EXERCISE AIM:
Transcribe the entries below exactly, starting with the line that has "Wallace birdies the" and stopping after the line that has "Viola A-line V-Neck"; no pictures belong in the copy.

RECORDS FOR THIS EXERCISE:
+-------+
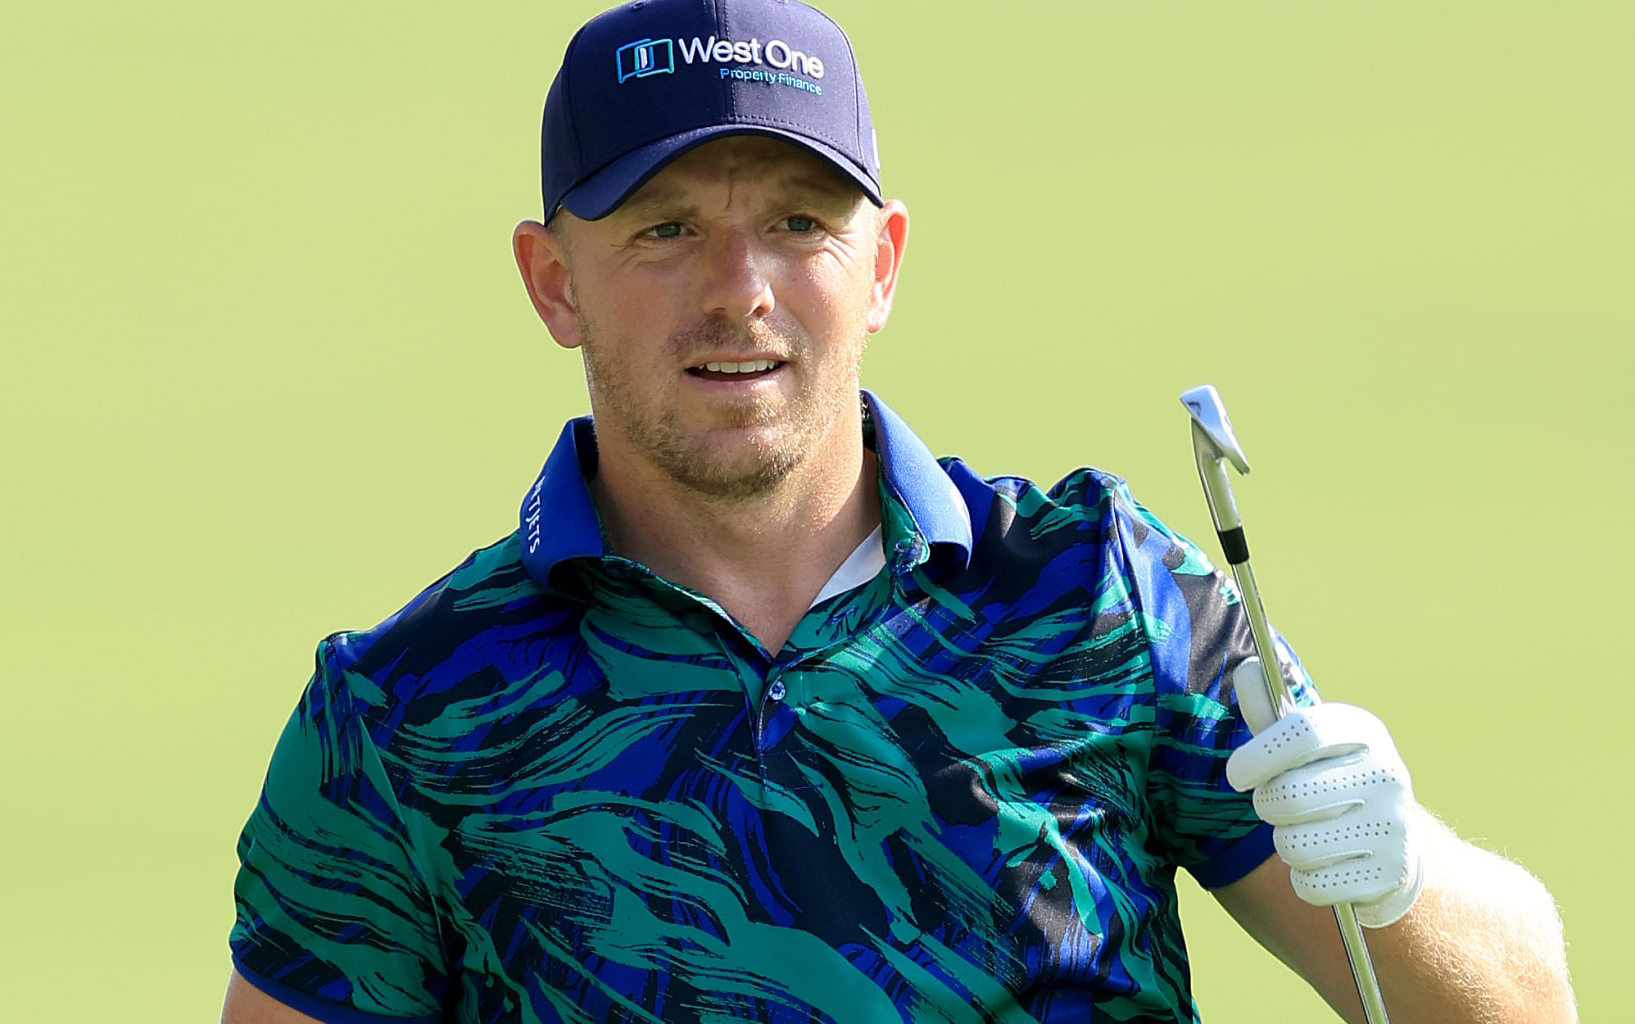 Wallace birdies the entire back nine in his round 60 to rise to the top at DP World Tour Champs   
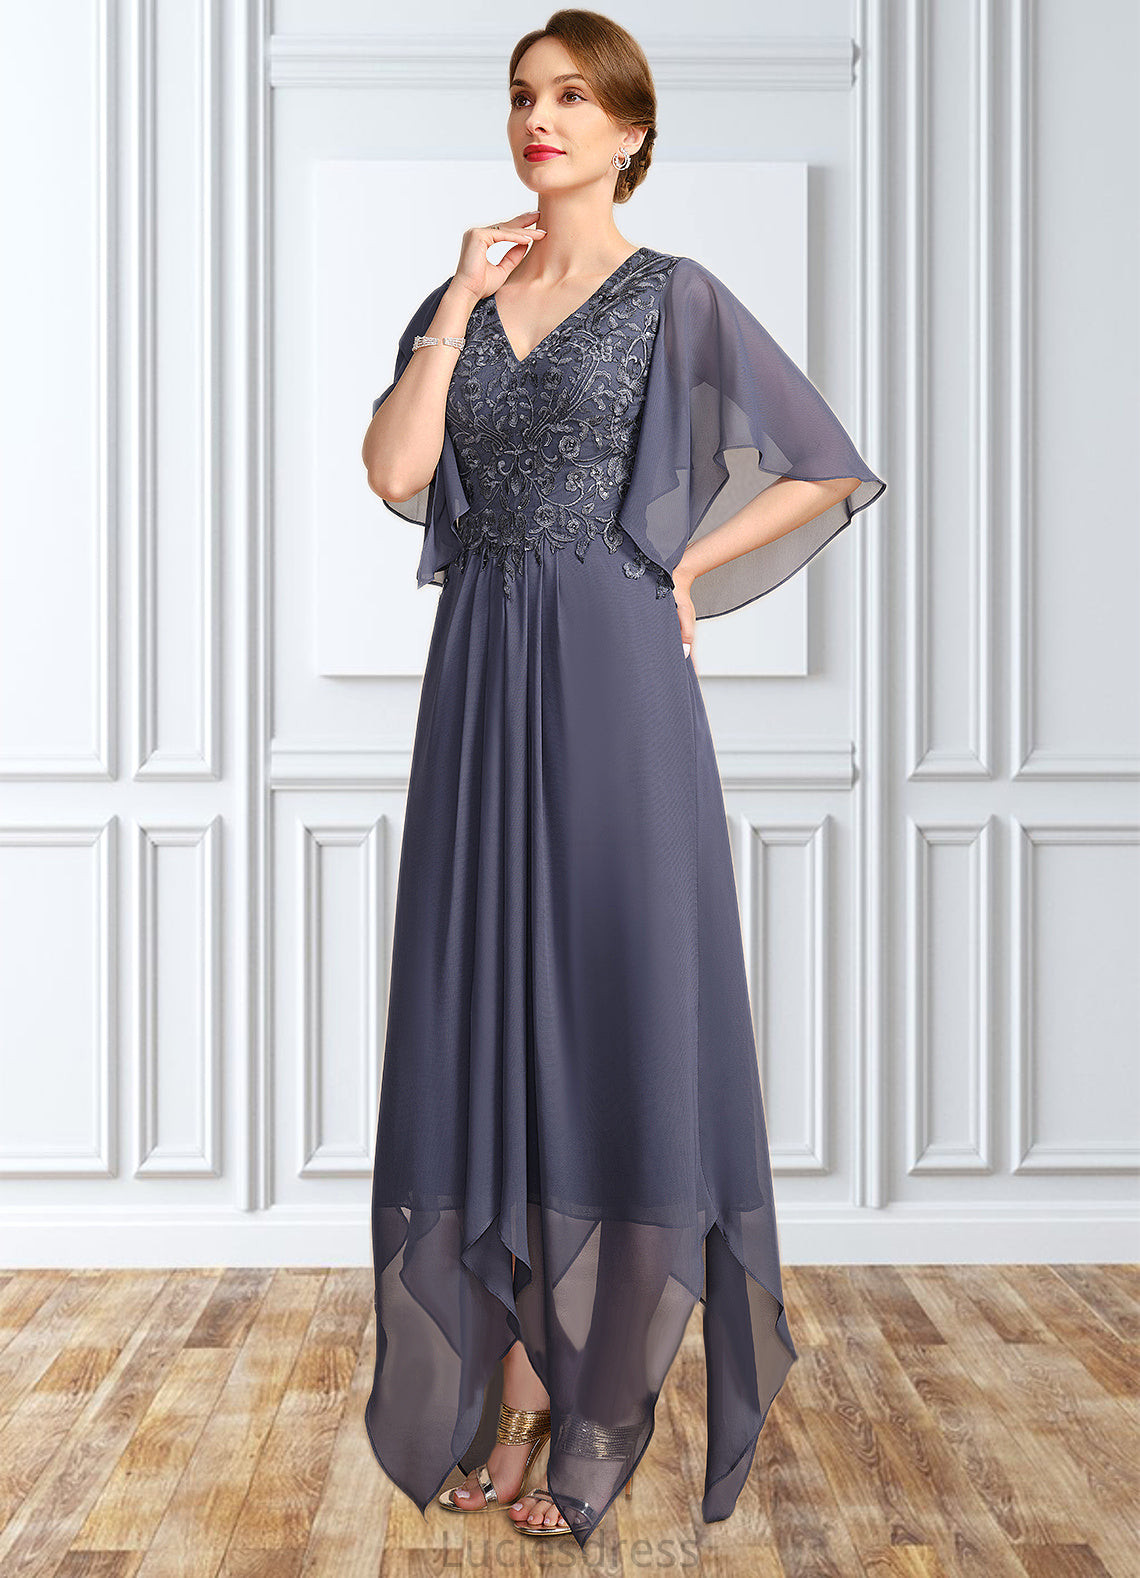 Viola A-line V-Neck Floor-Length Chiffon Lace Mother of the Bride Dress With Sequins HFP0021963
+-------+
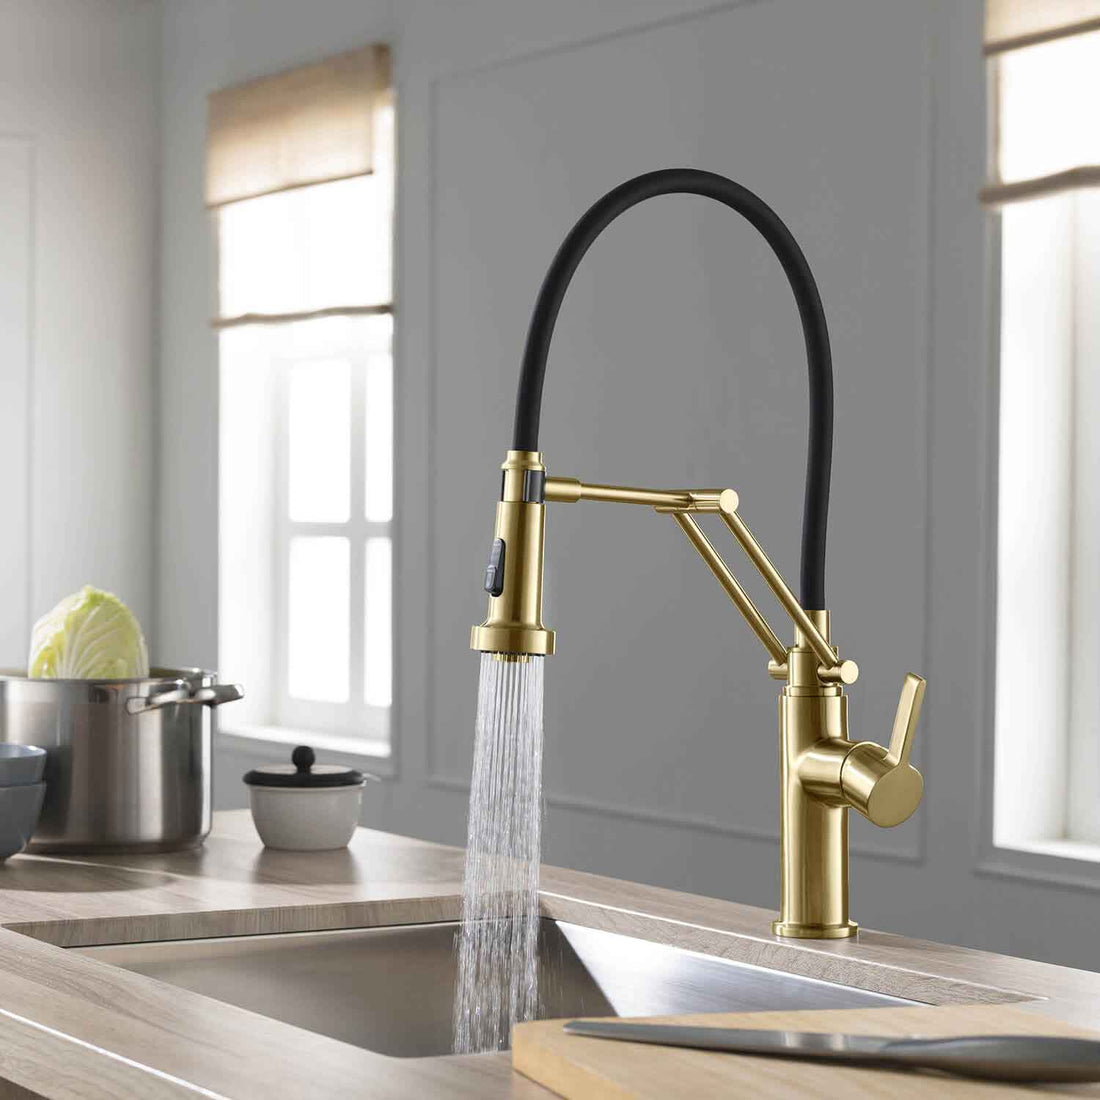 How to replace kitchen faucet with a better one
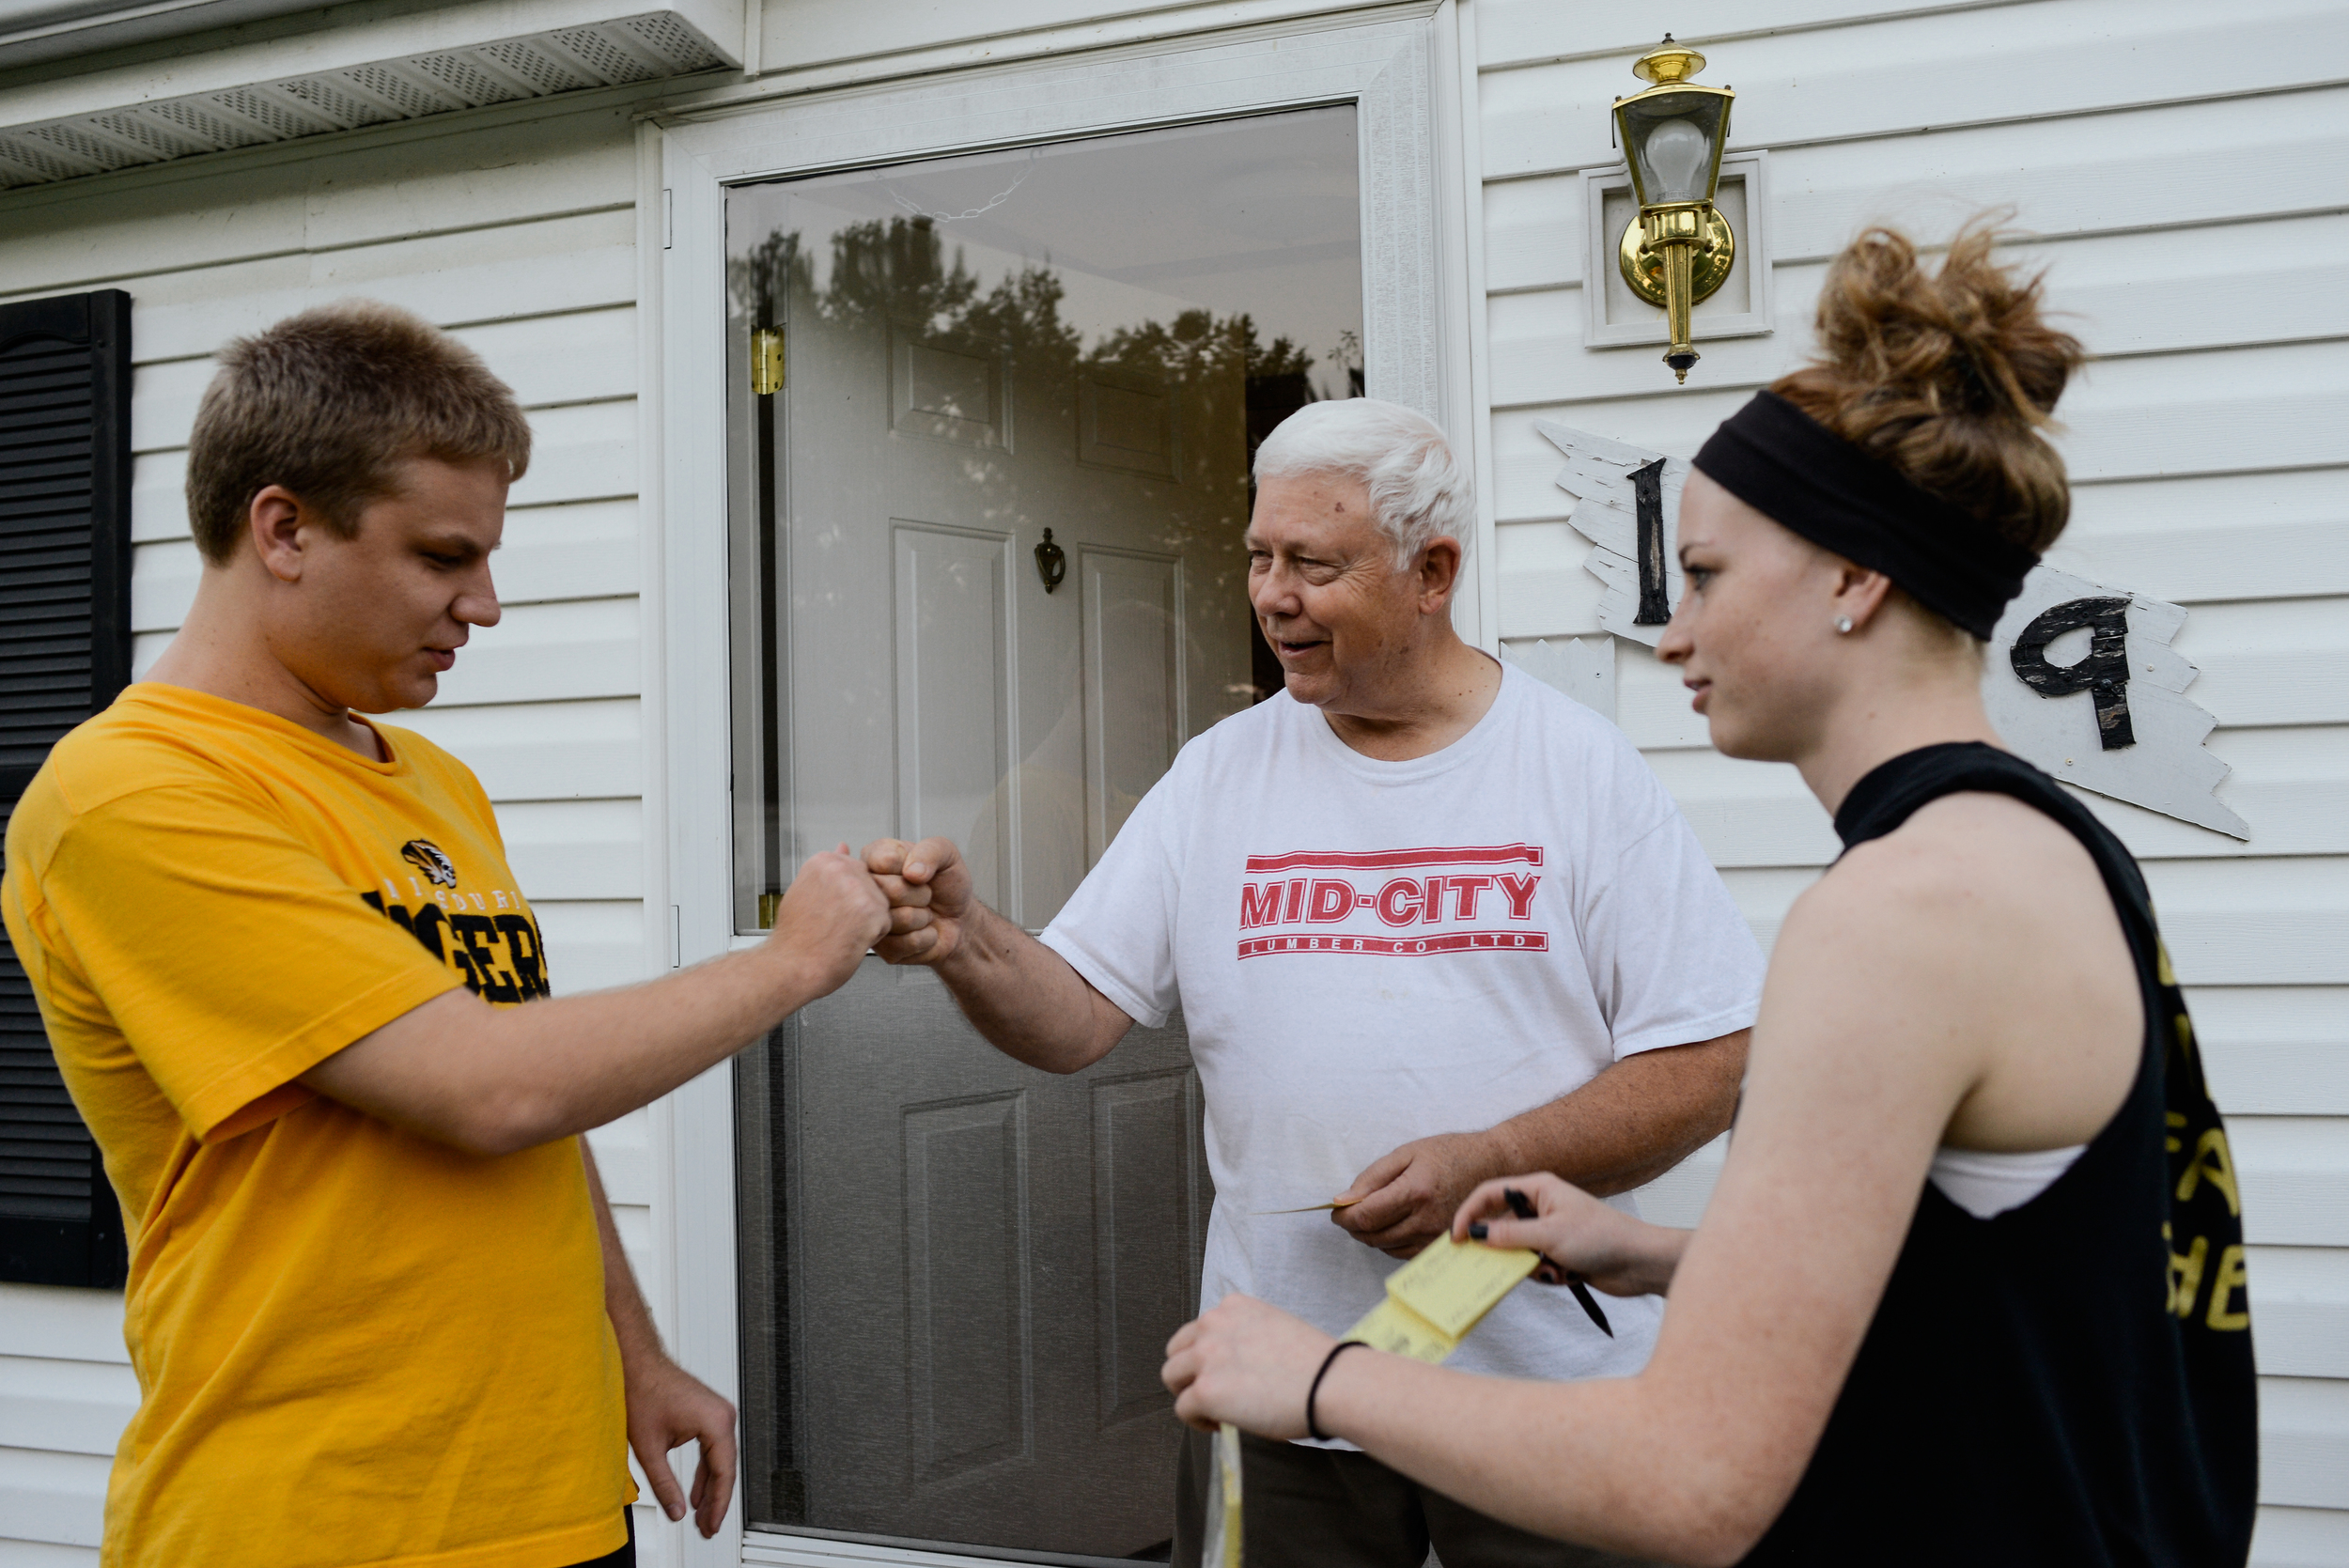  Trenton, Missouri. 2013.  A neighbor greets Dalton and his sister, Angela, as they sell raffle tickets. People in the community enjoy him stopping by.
+-------+
ANSWER:
 Wallace birdies the entire back nine in his round 60 to rise to the top at DP World Tour Champs   
 Viola A-line V-Neck Floor-Length Chiffon Lace Mother of the Bride Dress With Sequins HFP0021963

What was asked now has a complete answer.